Selbstkalibrierende Miniaturfixpunkt-Thermometer für den Kraftwerkseinsatz

Projektnummer 247

Eine Erhöhung des Wirkungsgrades von Wärmekraftwerken durch höhere Drücke und Temperaturen des Heißdampfes ermöglicht eine bessere Ausnutzung der eingesetzten fossilen Brennstoffe und eine Verringerung der CO2-Emissionen. Überschreitungen der materialtechnisch zulässigen maximalen Dampftemperaturen verringern aber signifikant die Lebensdauer der Kraftwerksanlagen.

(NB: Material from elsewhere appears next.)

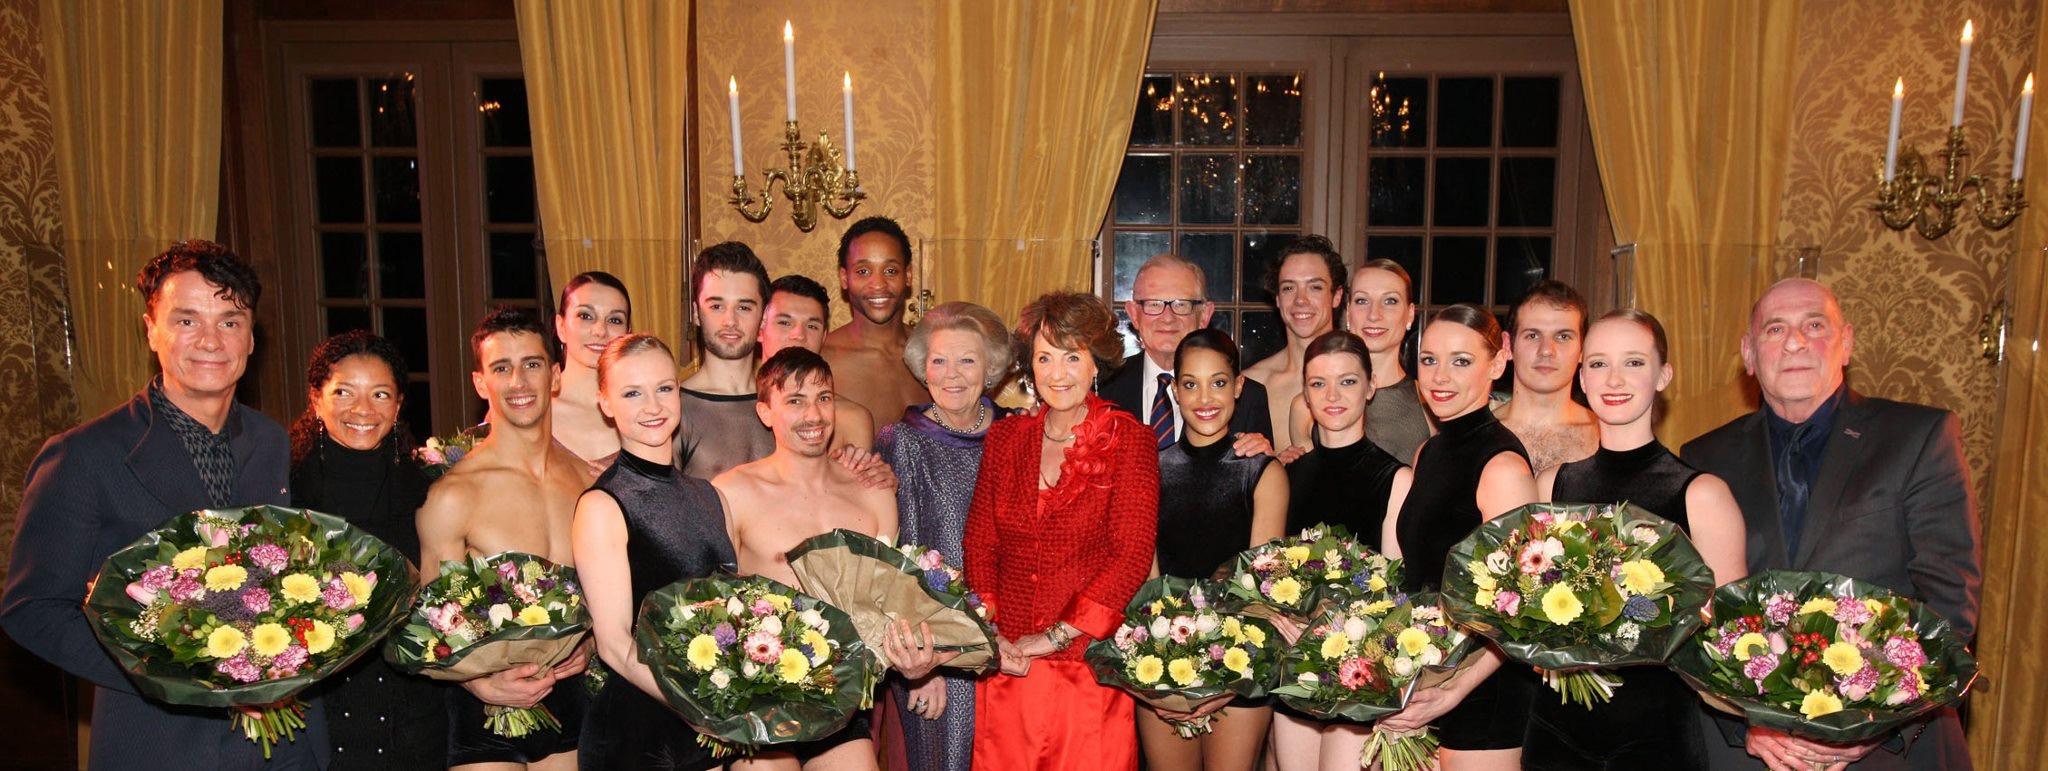 karin lambrechtse dans cv koninklijke familie Prinses Margriet Introdans

Hauptziel des Forschungsthemas ist es, Grundlagen für industrietaugliche Temperaturmesssysteme in Kraftwerken mit Messunsicherheiten < 1 K zu schaffen. Das soll über ein in-situ-Kalibrierverfahren für eingebaute Thermoelemente und die nachfolgende Mess- und Verarbeitungskette unter Betriebsbedingungen erreicht werden.

Basis dafür ist die Verwendung von Miniatur-Fixpunktzellen, die direkt in ein Thermoelement integriert werden. Durchläuft dessen Temperatur die Schmelz- bzw. Erstarrungstemperatur des Fixpunktmaterials, entsteht ein charakteristischer Temperatur- bzw. Thermospannungs-Zeit-Verlauf. Dieser kann zur automatischen Rekalibrierung des Thermoelementes und der gesamten nachfolgenden Messkette benutzt werden.

Entsprechend den genannten Zielstellungen sind folgende Arbeitsaufgaben und -schritte vorgesehen:

  1. Neukonstruktion einer optimierten Miniaturfixpunktzelle,
  2. Entwicklung eines neuen Sensorprinzips zur gleichzeitigen kontinuierlichen Messung der Dampftemperatur,
  3. Temperatur-Zeit-lineare Steuerung der Miniaturfixpunkt-Heizung,
  4. Langzeituntersuchungen der Kalibrierunsicherheit und des Materialverhaltens über zwei Jahre,
  5. Entwicklung von Überwachungs- und Selbstdiagnoseverfahren sowie zur Optimierung der Auswerte-, Rekalibrier- und Steueralgorithmen.
  6. Entwicklung der Grundbausteine und der Grundlagenalgorithmen für einen komplexen Messumformer,
  7. Aufbau und Erprobung mehrerer komplexer Messumformer (Funktionsmuster) für Miniaturfixpunkt-Thermometer.

Das Projekt wurde von Juni 2003 bis Juli 2005 vom Institut für Prozessmess- und Sensortechnik der TU Ilmenau unter der Leitung von Dr. Frank Bernhard durchgeführt und aus Mitteln des BMWA über die Arbeitsgemeinschaft industrieller Forschungsvereinigungen (AiF) finanziert. Eine Arbeitsgruppe des Arbeitskreises "Leit- und Informationstechnik" begleitete die Untersuchungen fachlich.